RapidOCR Drops PaddleOCR's 5-Second Lag to Near-Instant by Switching to ONNX

My original website article: https://www.javayong.cn/ocr/01-RapidOcr-introduction.html

While learning to use PaddleOCR, I tested it on my local Mac M1 and found its performance unsatisfactory—processing each image took about 5 seconds. So I started looking for alternatives and unexpectedly discovered that a large number of developers in the community recommend RapidOCR.

This made me wonder: Why is RapidOCR so fast?

In today's article, we will dive into the core advantages of RapidOCR, analyze the technical secret behind its high performance—ONNX—and finally introduce how to use it.

Introduction to RapidOCR

RapidOCR is a fully open-source, free, multi-platform, multi-language OCR tool that supports fast offline deployment, with extreme speed and broad compatibility as its core strengths.

Given that PaddleOCR still has room for optimization in engineering, RapidOCR is dedicated to simplifying and accelerating the inference deployment of OCR models on various terminal devices. The project innovatively converts PaddleOCR models into the highly compatible ONNX format and implements seamless cross-platform porting based on multiple programming languages such as Python, C++, Java, and C#, allowing developers to get started easily and integrate efficiently.

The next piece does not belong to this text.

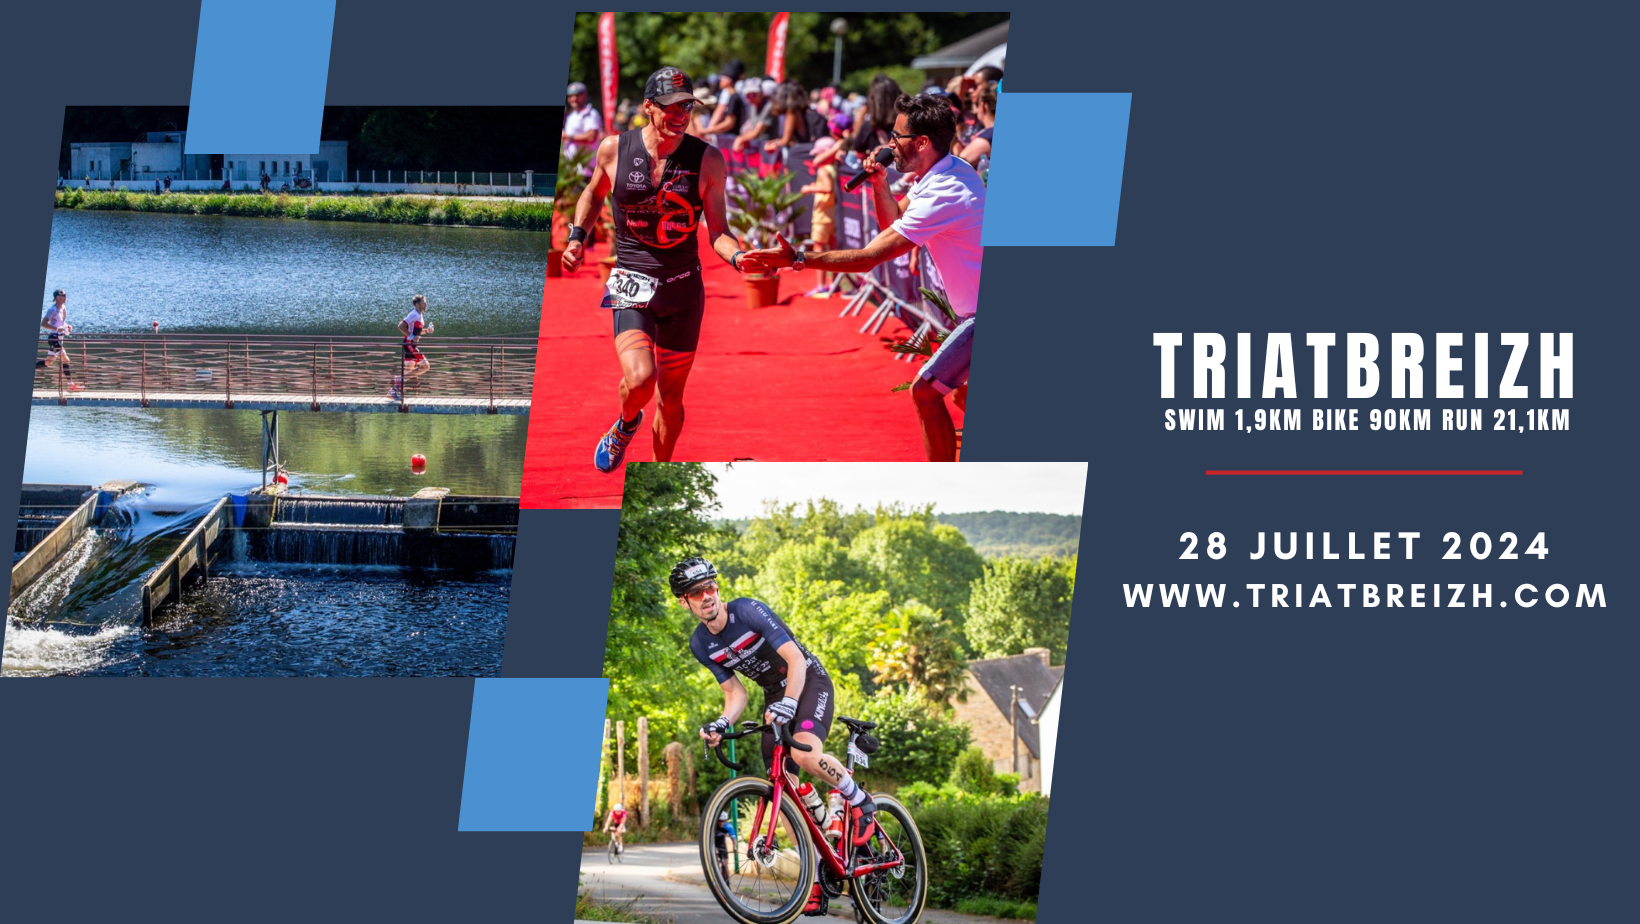 Triathlon sports facebook cover in navy red black geometric style
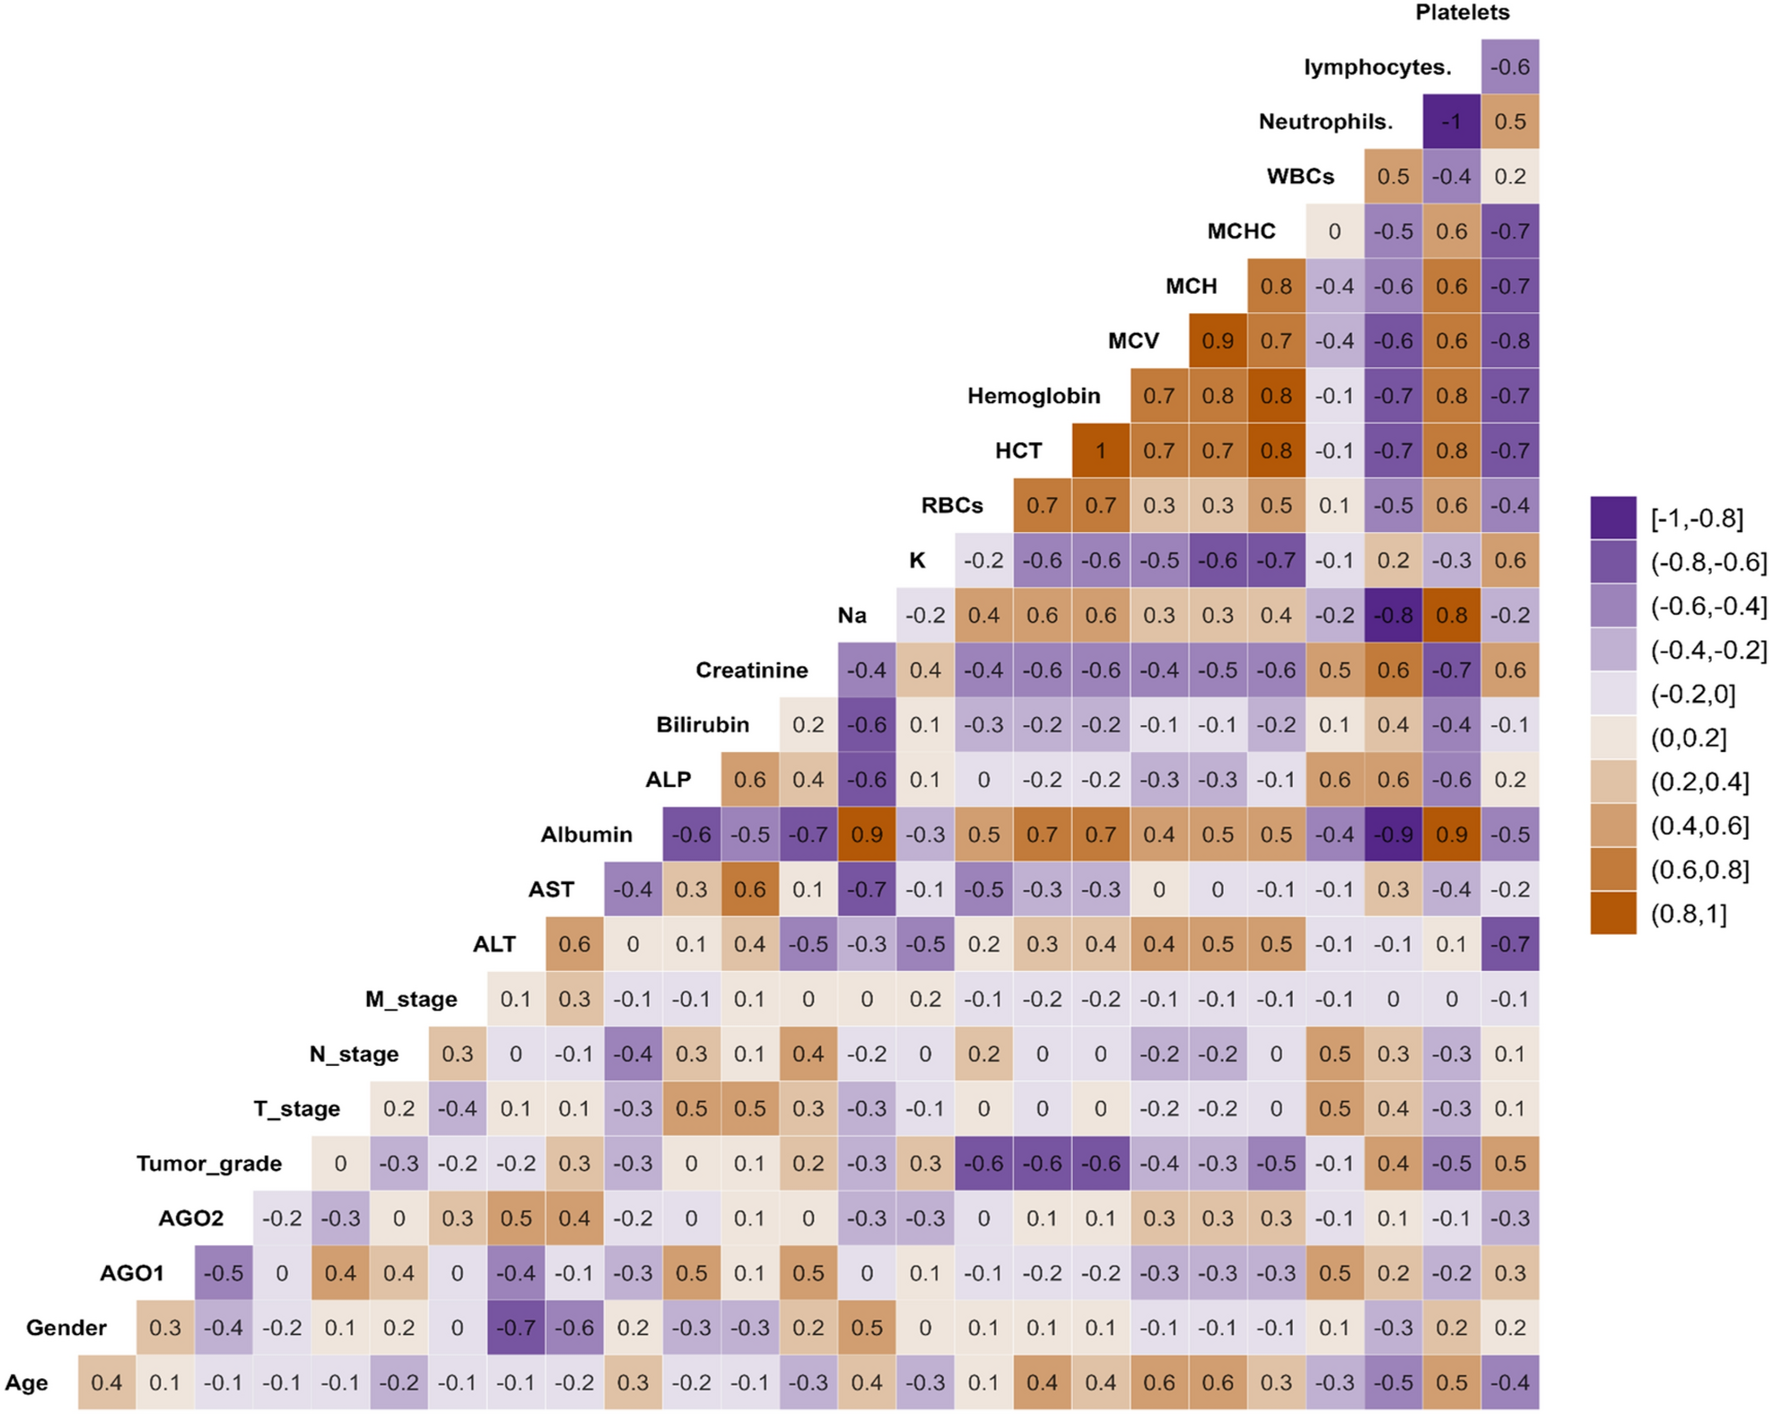 Genetic Variants of AGO1*rs595961 and AGO2*rs4961280 with Susceptibility to Bladder Carcinoma

At this point, you might be wondering: What is ONNX?

What is ONNX

ONNX (Open Neural Network Exchange) is an open format for representing deep learning models. It defines the data structure and computation graph of a model, enabling models trained with different deep learning frameworks to be converted and used interchangeably.

Its main features are:

Cross-framework compatibility: Supports model export from mainstream frameworks like PyTorch, TensorFlow, and MXNet
Cross-platform deployment: Can run seamlessly on different hardware platforms and operating systems
High-performance inference: Supports multiple inference optimization techniques, significantly improving model runtime efficiency
Extensible architecture: Supports custom operators for easy functional expansion

Developers can train models using any supported framework, then export them to ONNX format, and deploy them using any ONNX-compatible inference engine.

Taking the machine vision field as an example, C# is a mainstream language for application development, so the ONNX format is highly favored. Developers do not need to install the bulky PaddlePaddle framework or use Python to write recognition algorithms; they can simply use the ONNX Runtime library to complete all the work, greatly improving development efficiency.

In short, ONNX is like a "universal language" for deep learning models, allowing models to migrate freely between different environments and platforms.

Quick Start

First, create a Python project and add the dependency to the requirements file:

# OCR
rapidocr==3.9.0

Next, encapsulate a RapidOCR example:

def example_3_chinese_english_mixed():
    # Create a RapidOCR instance (using default parameters, auto-detects multiple languages)
    ocr = RapidOCR()

    # Read the image
    img = Image.open(TEST_IMAGE_1)
    img_array = np.array(img)

    print(f"Image info: {img.size} {img.mode}")

    # Execute OCR
    result = ocr(img_array)

    # Convert result format (RapidOCR 3.8+ returns a RapidOCROutput object)
    result = convert_result(result)

    # result format: [[[x1,y1],[x2,y1],[x2,y2],[x1,y2]], (text, confidence)]
    print(f"\nDetected {len(result)} text boxes\n")

    for i, (box, (text, score)) in enumerate(result, 1):
        print(f"{i}. Text: {text}")
        print(f"   Confidence: {score:.4f}")
        print(f"   Coordinates: {box}\n")


def convert_result(result):
    """
    Convert the RapidOCROutput object from RapidOCR 3.8+ to the old format

    Args:
        result: The result returned by RapidOCR (could be a RapidOCROutput object or a list)

    Returns:
        Old format list: [([[x1,y1],[x2,y1],[x2,y2],[x1,y2]], (text, confidence)), ...]
    """
    if hasattr(result, 'boxes') and result.boxes is not None:
        # RapidOCROutput object
        boxes = result.boxes
        txts = result.txts
        scores = result.scores
        return [[box.tolist(), (txt, float(score))]
                for box, txt, score in zip(boxes, txts, scores)]
    return result  # Already in old format

Printed result:

RapidOCR's recognition results use the following format:

[
    [box_points, text, score],
    [box_points, text, score],
    ...
]

Field descriptions:

box_points: The four vertex coordinates of the text box
text: The recognized text content
score: Confidence score (between 0-1, closer to 1 indicates more reliable recognition)

Example of image OCR style:

Summary

By adopting the ONNX format and optimizing multiple inference engines, RapidOCR has successfully achieved high-performance, high-accuracy OCR recognition capabilities. Its open-source, cross-platform nature makes it an excellent choice in the OCR field.

If you also encounter performance bottlenecks with PaddleOCR (without GPU resources), give RapidOCR a try; it will surely surprise you.